IEEE/ACM Trans Comput Biol Bioinform. 2017 Sep-Oct;14(5):1115-1121. doi: 10.1109/TCBB.2016.2621769. Epub 2016 Oct 26.
One major goal of large-scale cancer omics study is to understand molecular mechanisms of cancer and find new biomedical targets. To deal with the high-dimensional multidimensional cancer omics data (DNA methylation, mRNA expression, etc.), which can be used to discover new insight on identifying cancer subtypes, clustering methods are usually used to find an effective low-dimensional subspace of the original data and then cluster cancer samples in the reduced subspace. However, due to data-type diversity and big data volume, few methods can integrate these data and map them into an effective low-dimensional subspace. In this paper, we develop a dimension-reduction and data-integration method for indentifying cancer subtypes, named Scluster. First, Scluster, respectively, projects the different original data into the principal subspaces by an adaptive sparse reduced-rank regression method. Then, a fused patient-by-patient network is obtained for these subgroups through a scaled exponential similarity kernel method. Finally, candidate cancer subtypes are identified using spectral clustering method. We demonstrate the efficiency of our Scluster method using three cancers by jointly analyzing mRNA expression, miRNA expression, and DNA methylation data.
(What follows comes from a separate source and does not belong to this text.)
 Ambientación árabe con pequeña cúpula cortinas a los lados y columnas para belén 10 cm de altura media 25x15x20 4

The evaluation results and analyses show that Scluster is effective for predicting survival and identifies novel cancer subtypes of large-scale multi-omics data.
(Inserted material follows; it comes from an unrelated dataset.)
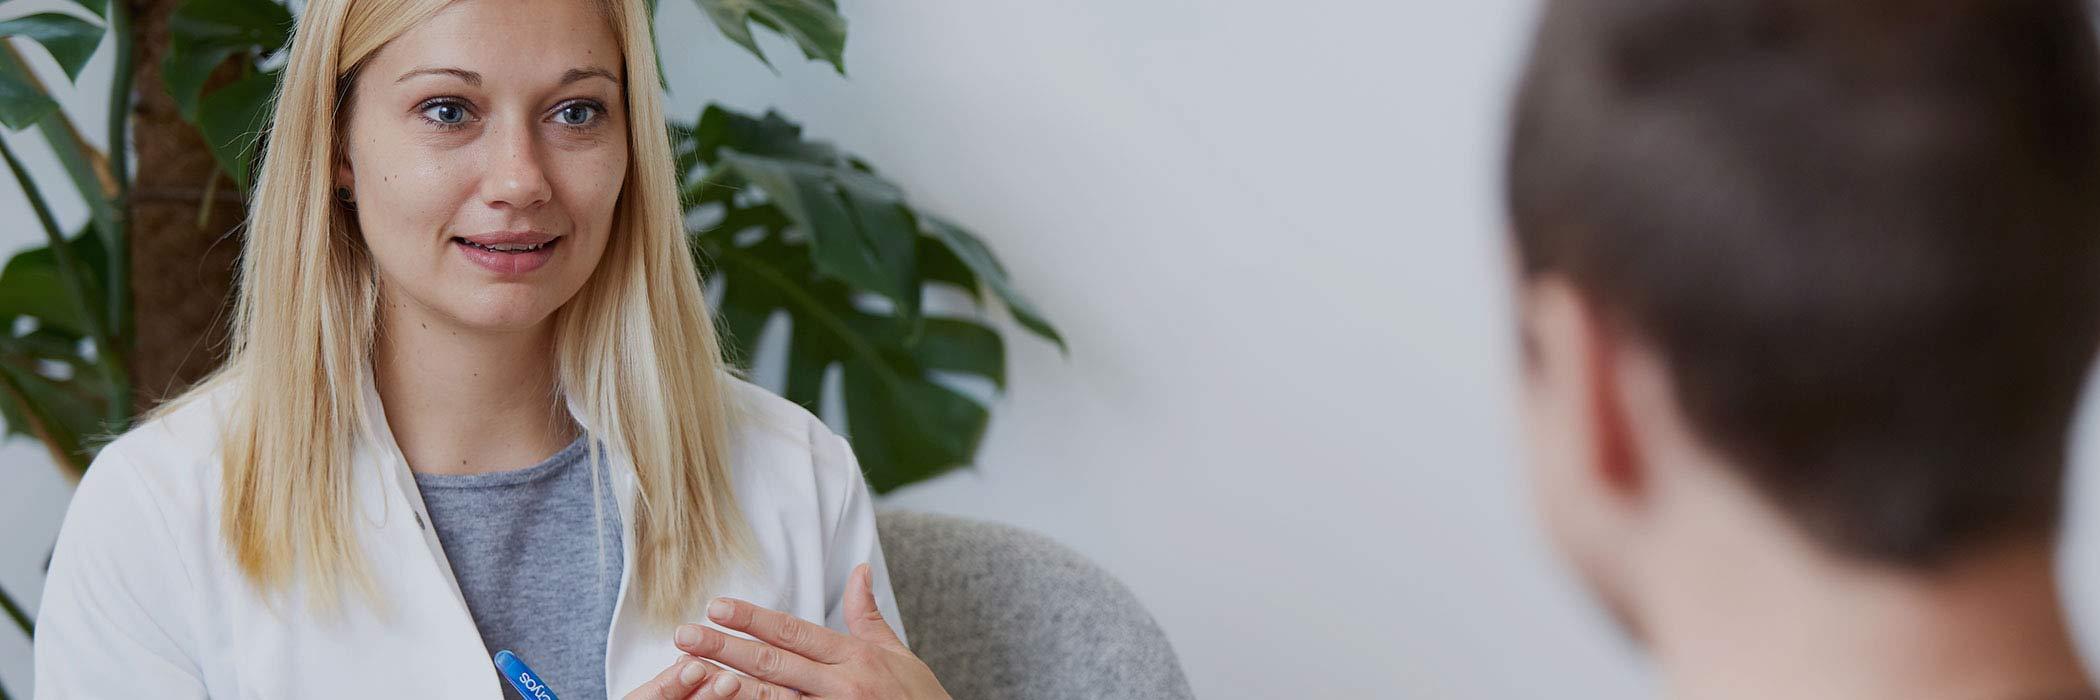 Cryos verpleegkundige vertelt over hoe Cryos donors screent voor spermarietjes van de beste kwaliteit

大规模癌症组学研究的一个主要目标是了解癌症的分子机制并寻找新的生物医学靶点。为了处理高维多维癌症组学数据(DNA 甲基化、mRNA 表达等),这些数据可用于发现识别癌症亚型的新见解,聚类方法通常用于在原始数据的有效低维子空间中找到,并在降低的子空间中聚类癌症样本。然而,由于数据类型的多样性和大数据量,很少有方法可以整合这些数据并将其映射到有效低维子空间中。在本文中,我们开发了一种用于识别癌症亚型的降维和数据集成方法,称为 Scluster。首先,Scluster 通过自适应稀疏降秩回归方法分别将不同的原始数据投影到主子空间中。然后,通过缩放指数相似性核方法获得这些子组的融合患者对患者网络。最后,使用谱聚类方法识别候选癌症亚型。我们通过联合分析 mRNA 表达、miRNA 表达和 DNA 甲基化数据,使用三种癌症来证明我们的 Scluster 方法的效率。评估结果和分析表明,Scluster 可有效预测生存率并识别大规模多组学数据中的新型癌症亚型。